Each line of the material below is to be written out exactly. Leave out any picture.

• **SUPPLIED MATERIAL**:
--------------------------------------------------

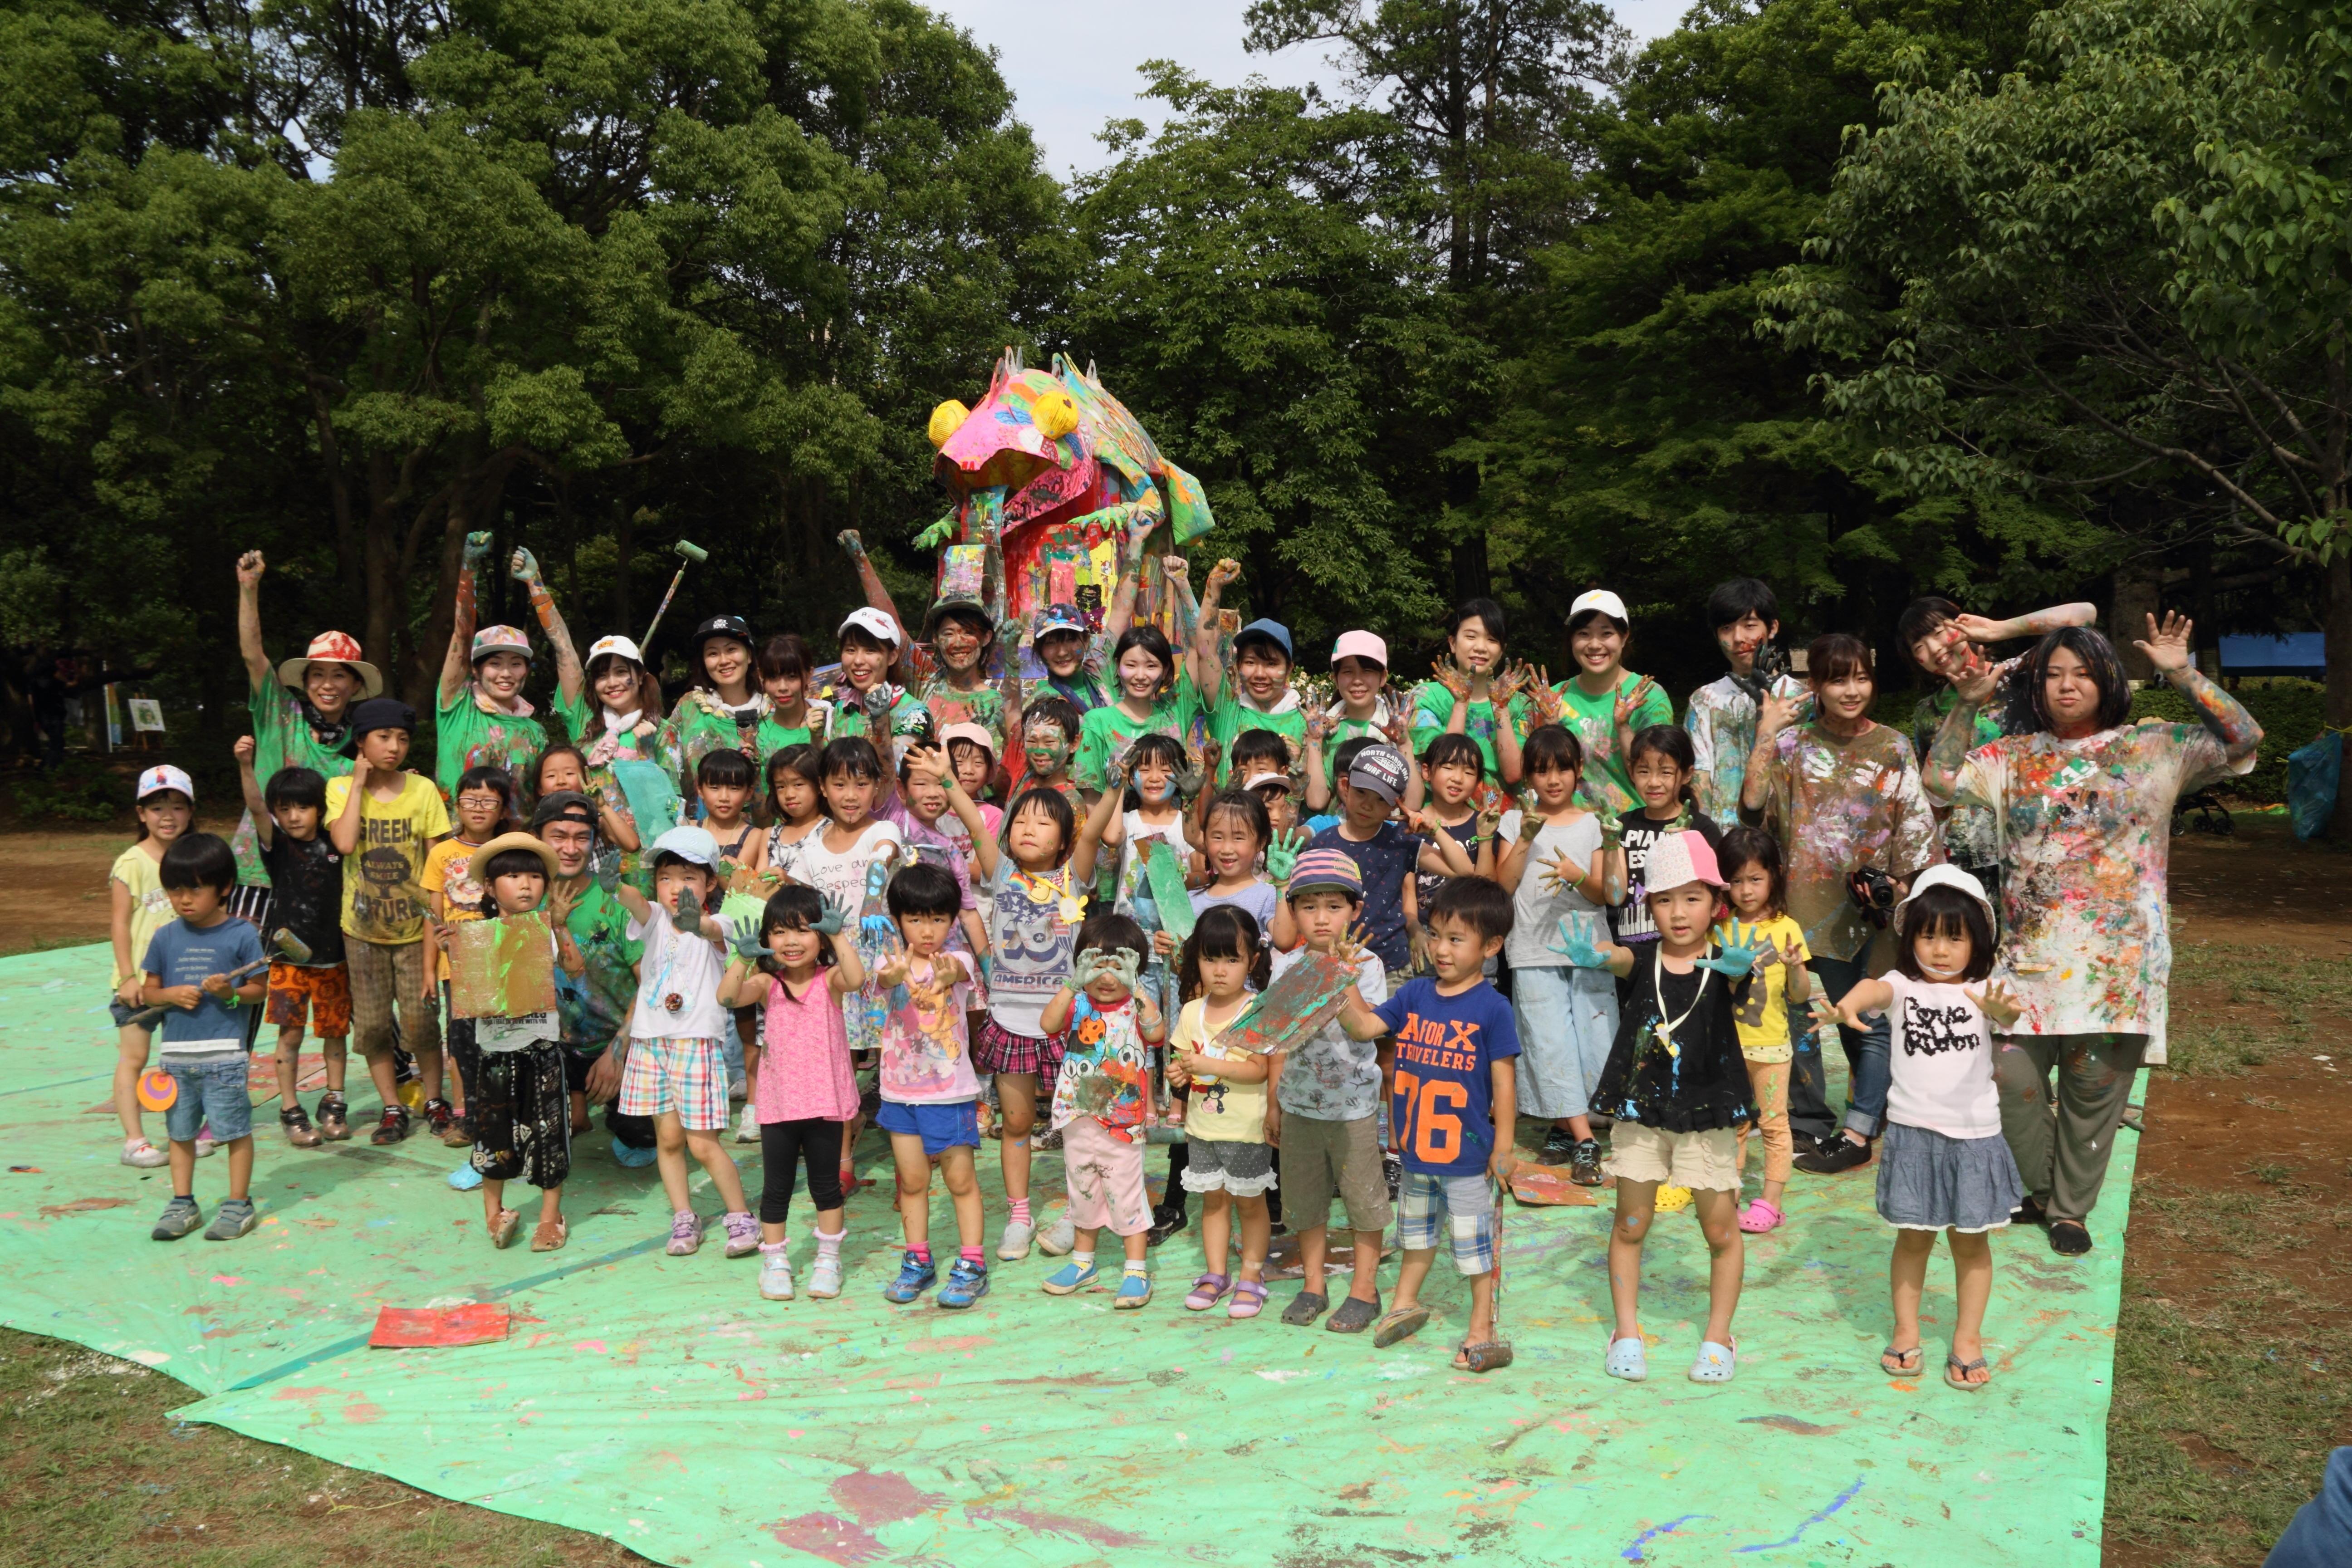 聖徳大学が7月1日に子ども向けのイベント「アートパーク11 まつどパラレルワールド」を開催 -- 公園全体がアートで遊ぶ空間に変身!
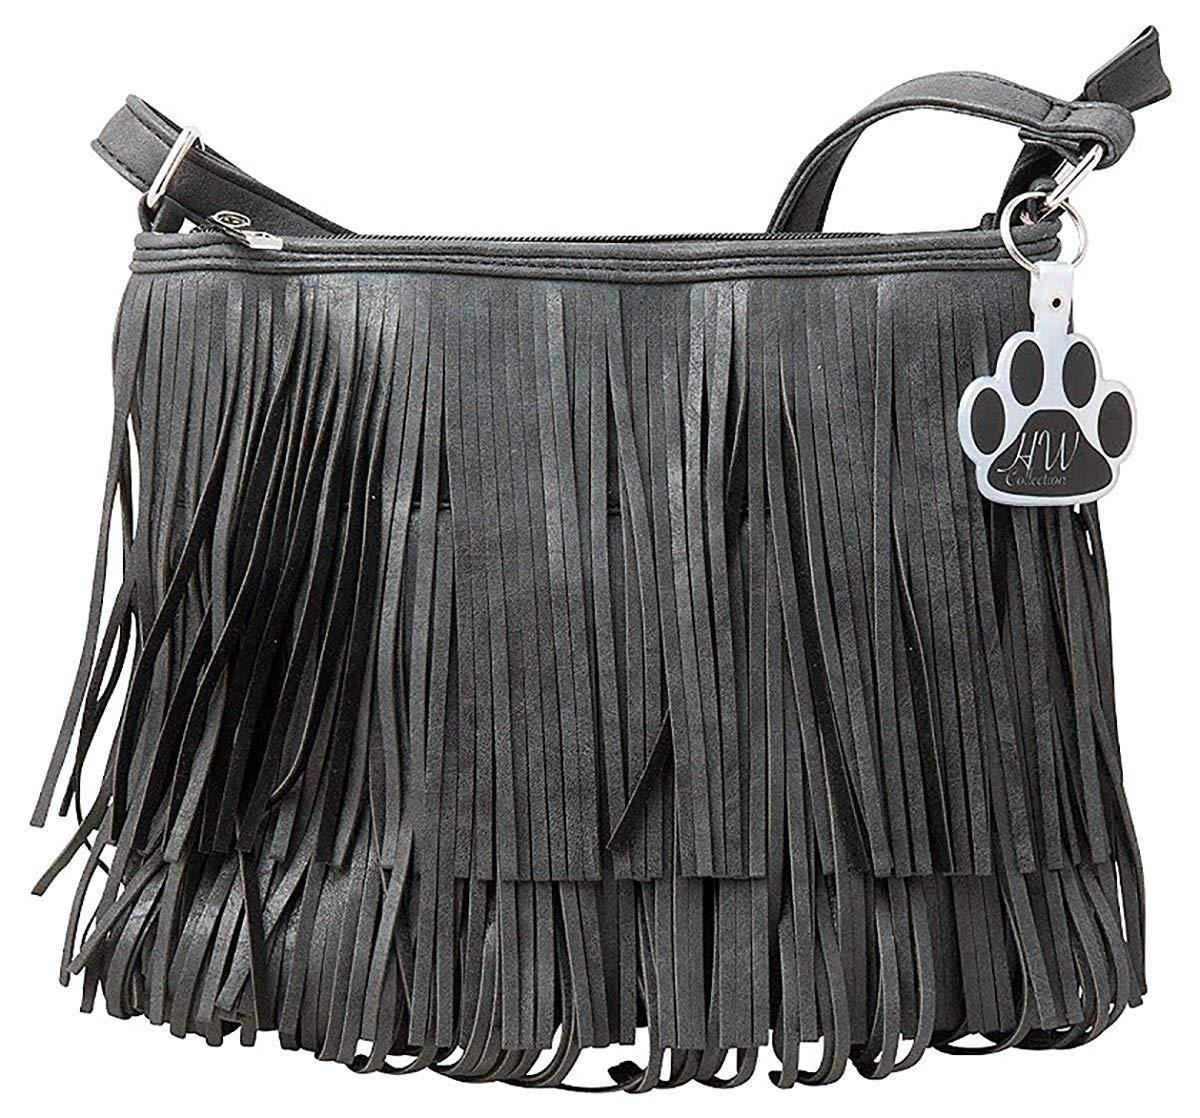 2588ef1f4f61 Cheap Crossbody Bag Fringe, find Crossbody Bag Fringe deals on line ...
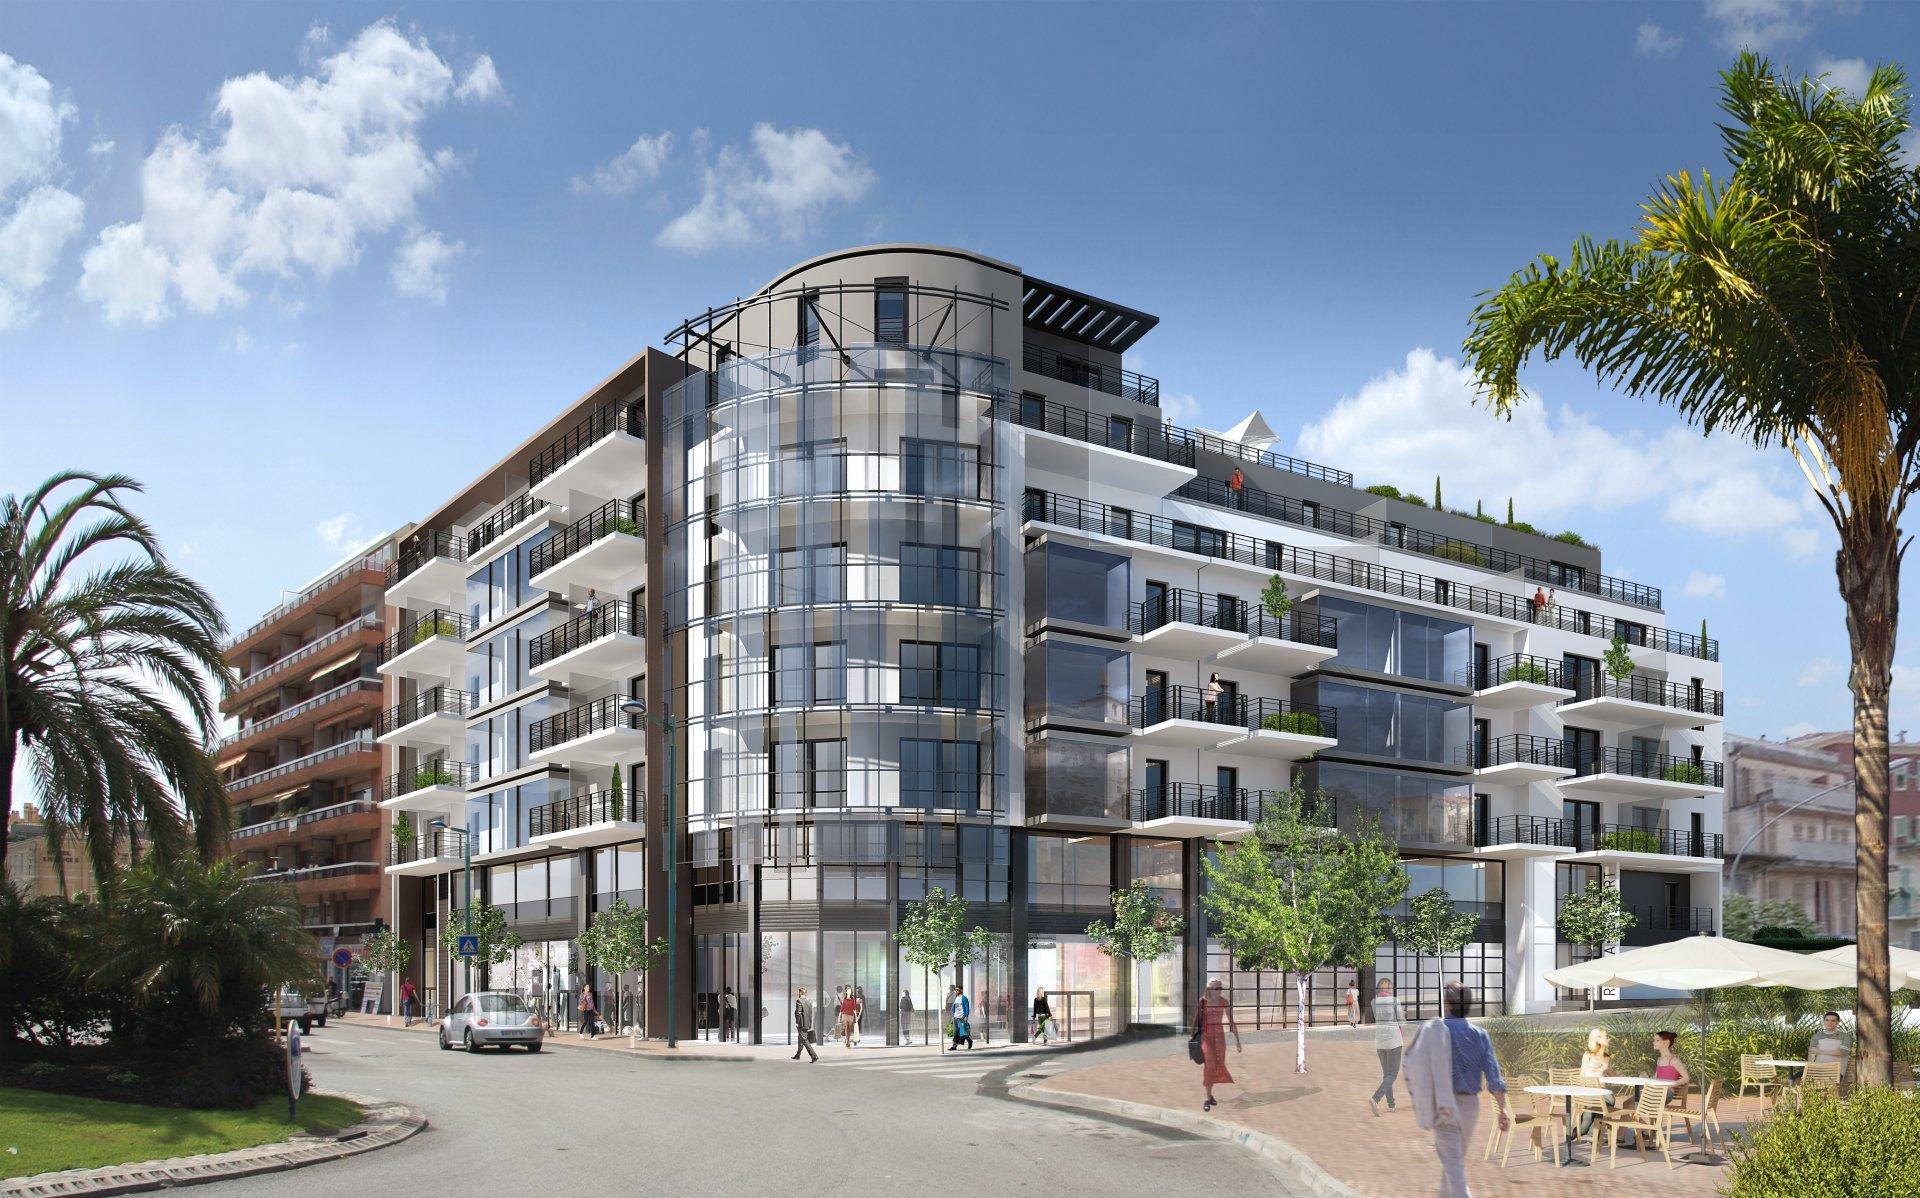 4 pièces neuf au dernier étage avec vaste terrasse – Menton centre

--------------------------------------------------

• **RESULT OF THE EXERCISE**:
 聖徳大学が7月1日に子ども向けのイベント「アートパーク11 まつどパラレルワールド」を開催 -- 公園全体がアートで遊ぶ空間に変身!
 2588ef1f4f61 Cheap Crossbody Bag Fringe, find Crossbody Bag Fringe deals on line ...
 4 pièces neuf au dernier étage avec vaste terrasse – Menton centre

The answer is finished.